# Splitboards?



## latenightjoneser (Feb 6, 2004)

Can I use any old bindings on a split board?

soft boots?

anybody know where I can get a used set up? Only one on ebay, and it is a 164. I don't see any in gear swap either.

What are your thoughts on making one? Will the sidewalls hold up where you cut it?

thanks


----------



## Killclimbz (Nov 18, 2004)

latenightjoneser said:


> Can I use any old bindings on a split board?


Yes, any type of snowboard binding will work on a splitboard. The only exception I can think of is if you have a burton binding whose discs are not compatable with the four hole patter.



latenightjoneser said:


> soft boots?


Yes



latenightjoneser said:


> anybody know where I can get a used set up? Only one on ebay, and it is a 164. I don't see any in gear swap either.


Yes, try the forums on Splitboard.com



latenightjoneser said:


> What are your thoughts on making one? Will the sidewalls hold up where you cut it?


You can do it and it works. You won't have an inside edge for your ski's. It can crossing a slope a bit harder. You'll also lose a lot of the flex the sawed board used to have. Still, they are better than snowshoes.




latenightjoneser said:


> thanks


You're welcome.


----------



## FLOWTORCH (Mar 5, 2004)

Do it, and leave those F'in resorts behind. I ride a NeverSummer legacy 166 of the homemade nature, soft boots, burton mish bindings. You'll get by without the full edges, just epoxy the shit out of em. 

Keepin up with skiiers on the traverses is tough but I keep up with the other splitters just fine. Also, the sidewalls do lose a bit of flex like he said but hey, if my shit didn't break on a recent trip I took...it goes to show they still take alot of abuse and hold. Course Neversummers are Flippin bad ass. 
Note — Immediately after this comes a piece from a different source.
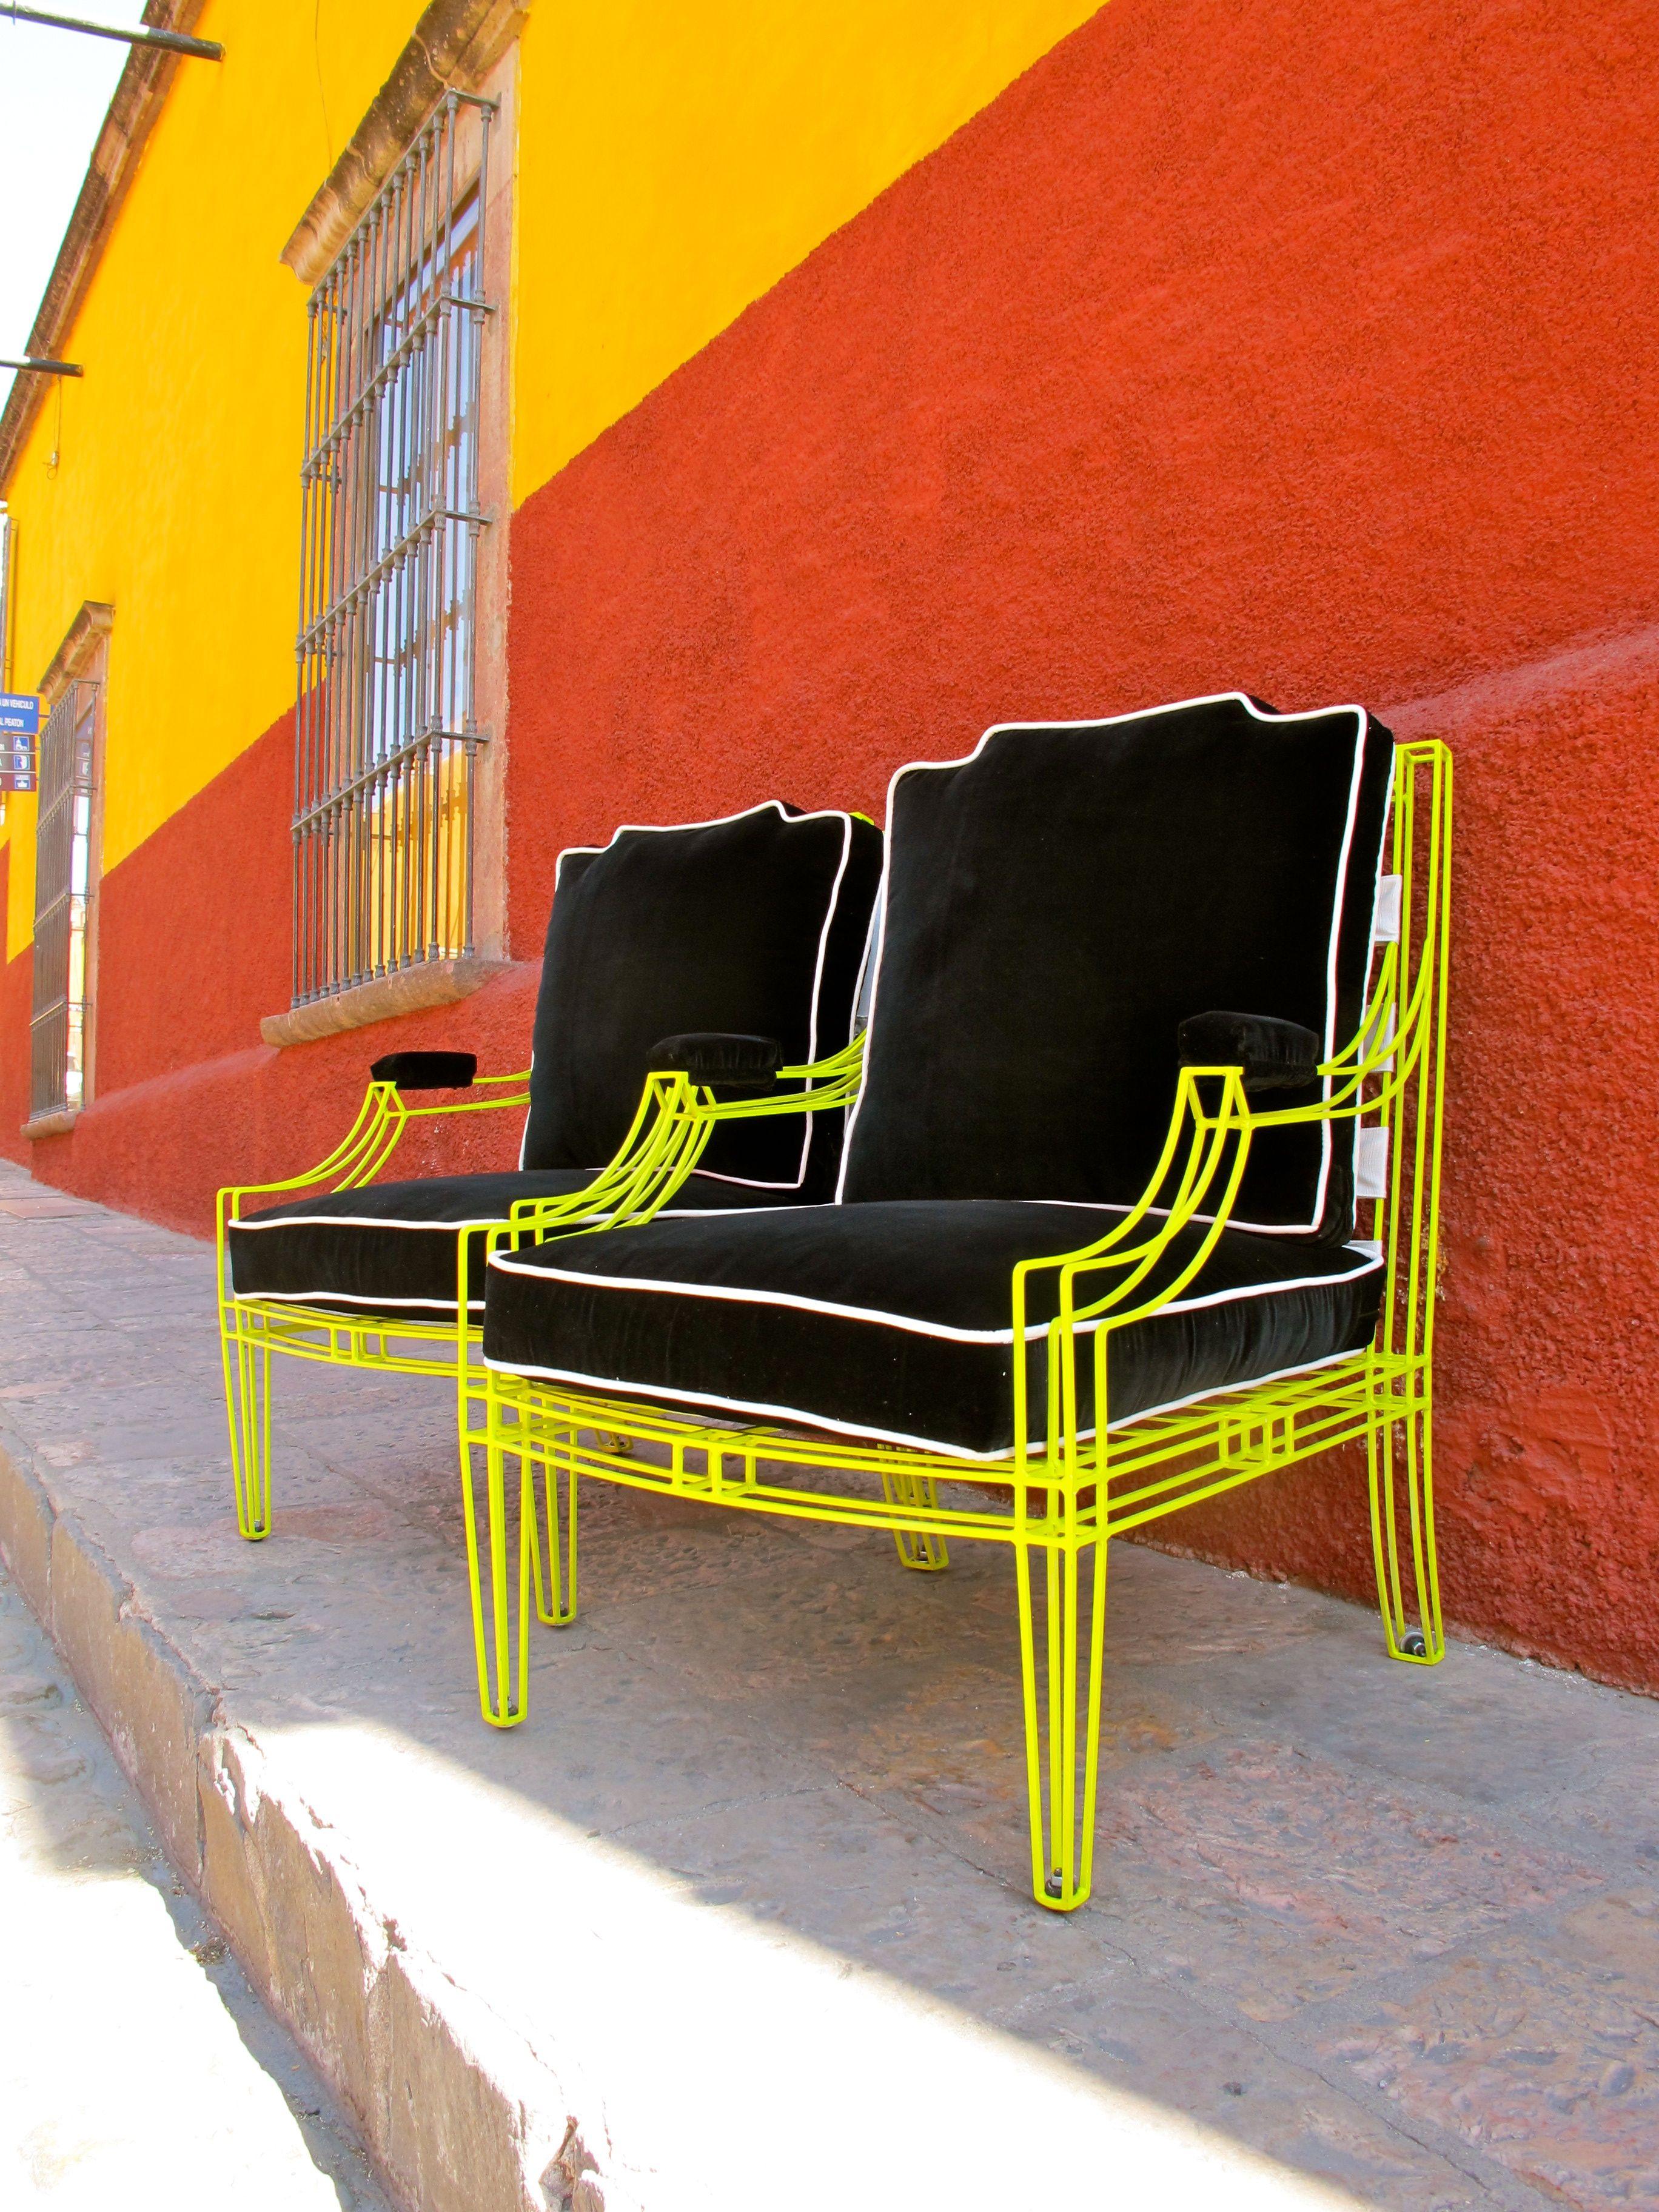 wonderful futuristic metal furniture design | casamidy | Metal............ in 2019 | Futuristic ...
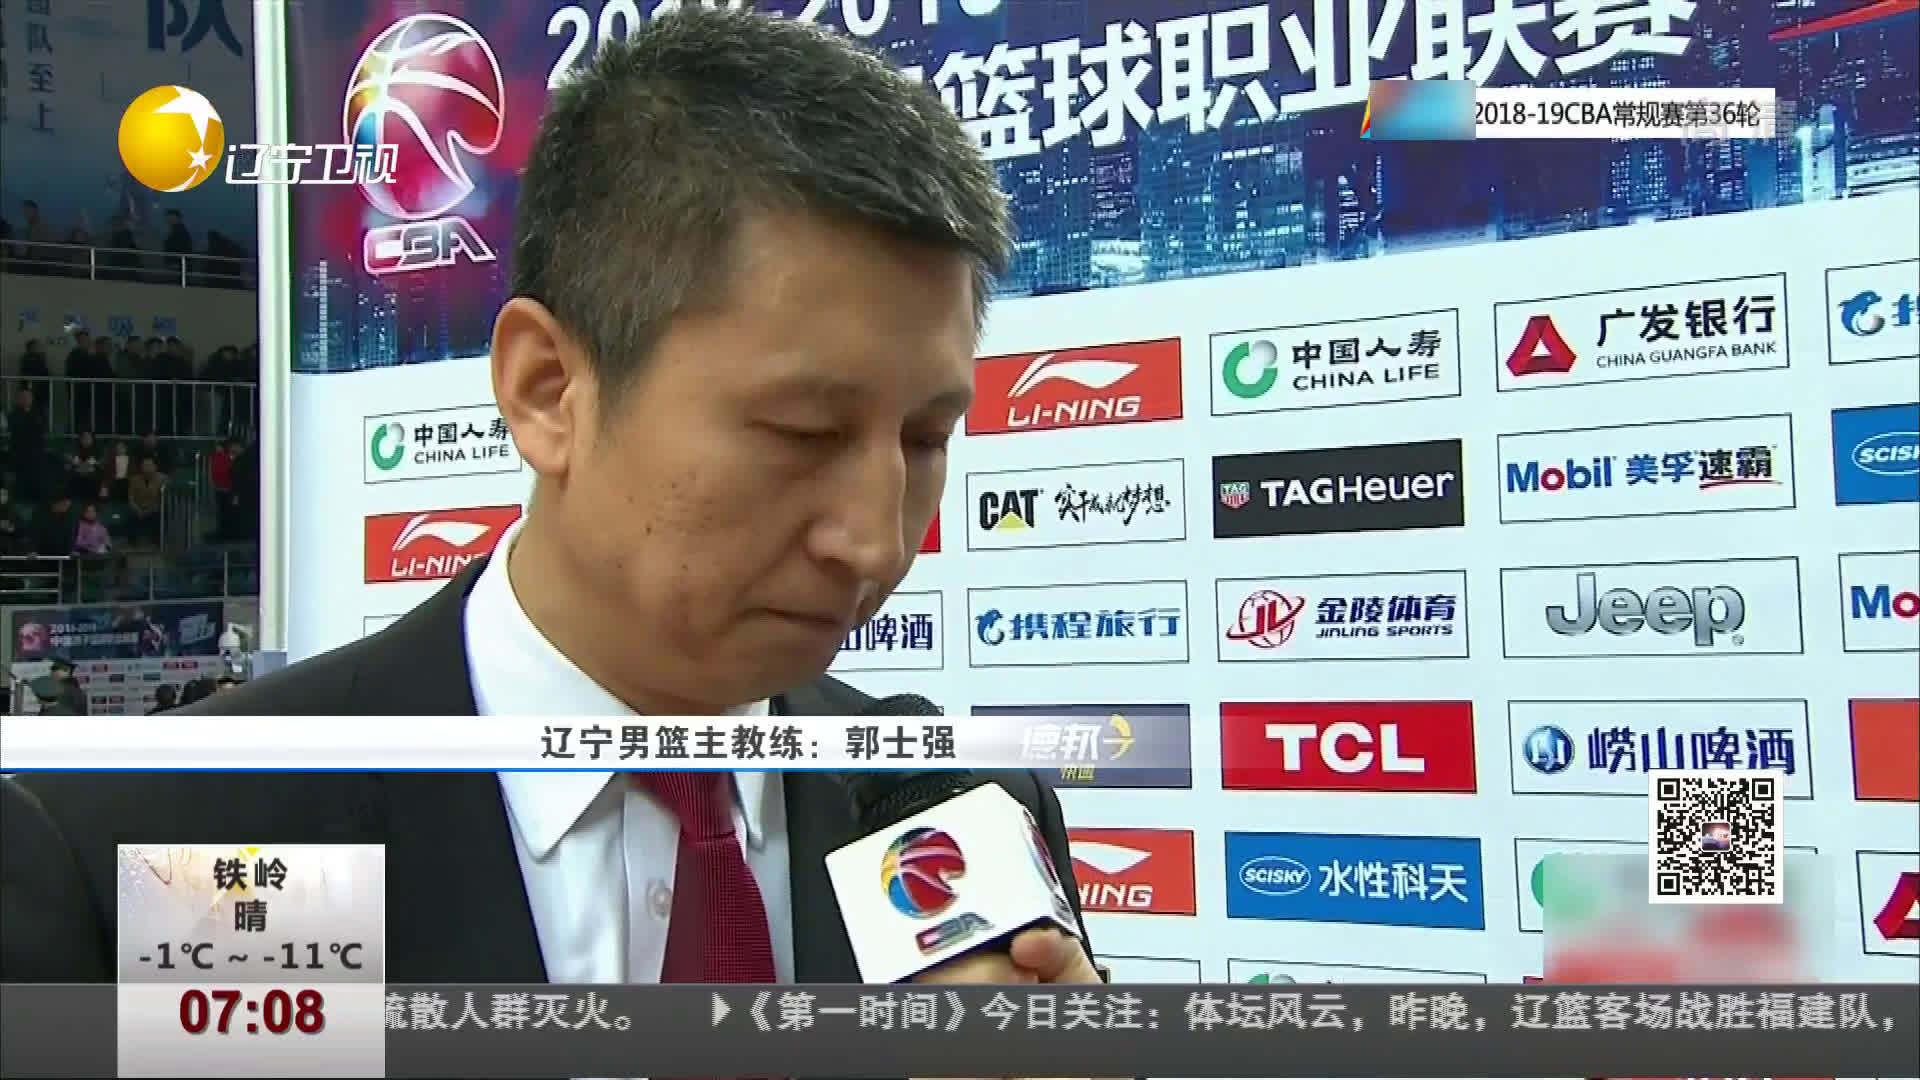 辽宁豪取25连胜 韩德君王哲林上演中锋对决

What kind of board do you want to split. Do you know the core material...Wood...I wanna say you can't split aluminum core boards but maybe I'm wrong.


----------



## Clorox (Aug 10, 2006)

*FLOWTORCH*

Did you make bindings that release? I heard it was possible to rig freestyle bindings so they would release.


----------



## FLOWTORCH (Mar 5, 2004)

Explain what you mean by release. The straps or the bindings themselves...as in they release if you were to scorpion or something??


----------



## gapers (Feb 14, 2004)

I suggest buyin the whole setup from Voile, they make a badass split. They are the pioneers of the biz and keep perfecting it every year. It comes split, several new lengths this year, comes with all the hardware (interface) that you need. Ridin will never be the same. Shhh, don't tell all your friends, i'm gonna be pissed if i start seein a bunch of Broboarders in the backcountry.


----------



## Clorox (Aug 10, 2006)

Do you have somekind of release to get your boots out of the binding if you need to (like say an avy)? I've heard of these baseplates with somekind of release bolts that get you out of your board by pulling a cable or someshit. Or am I listing to rock smokin ppl on the lifts again?

I've always wanted to try splitboarding but the hard boot/binding system is part of what drove me to freestyle boarding in the first place.

/scorpion? with the sting?


----------



## gapers (Feb 14, 2004)

I don't know about the releasable bindings either, at least for boards. I use Burton C-60's and Cartels for my bindings and I have Vans boots. I also splurged on a Burton S-series(their splitboard) 162 to go with my Voile Mtn Gun 171 splitter. GET A VOILE!!! :shock: :lol:

Oh, and scorpion refers to being wrecked and havin your feet come over your head like a scorpion. AKA Ragdolled


----------



## Clorox (Aug 10, 2006)

Damn, see that scares me. How would you swim in a slide? It'd be like having cement on your feet.


----------



## FLOWTORCH (Mar 5, 2004)

They might be smokin rocks, Joe Rogan. Sorry, another joke reference. Nobody ever gets it. 

I dont know, I've never heard of such a thing as the ejector seat releasable bindings dealy you speak of but it wouldn't surprise me if there was such a thing. Still, boarders ride the BC all the time without a device like this....just kinda the risk you take. Sounds kinda gimmicky, usually if an AV starts you should be paying attention to finding an escape route, safe zones, peeling off, straightlining,etc...and if you get swallowed up it's probably too late anyhow. Nah mean? Nothing substitutes for good Avy knowledge, common sense, yadayadayada. 

Ride whatever is comfortable for ya though. I have friends that use burton bindings, salomon bindings, etc.. I know one guy who rides hard boots in his burton C60 bindings for the mountaineering aspect of it and it doesn't change his steez none. Most people I know use soft boots and regular bindings. It goes. Just give it a try and you'll love it.

The Voile Kit is a pretty sick deal too.


----------



## Killclimbz (Nov 18, 2004)

Revolution used to have a releasable snowboard binding. It was originally marketed under Miller bindings. The "Miller" way was to try to scare everyone into buying into their product with crap information and statistics. They also wanted nothing to do with the bc. Instead of getting their product out there with a niche they choose for all or nothing. Nothing was what they got. They changed the name to Revolution and still had no luck with the binding. It would have raised the height considerably on a splitboard, but I think they could have modified it to be acceptable. Still Revolution/Miller never saw the value of a backcountry product and missed the boat. I don't see the releasable on their web page anymore, but it just may be shelved for the time being. It did look like it was a product that worked. Bad decisions on their part led to the demise of it.


----------



## Waterwindpowderrock (Oct 11, 2003)

if you know someone who works @ a resort, wasatch touring in SLC is EASY to proform voile's from.


----------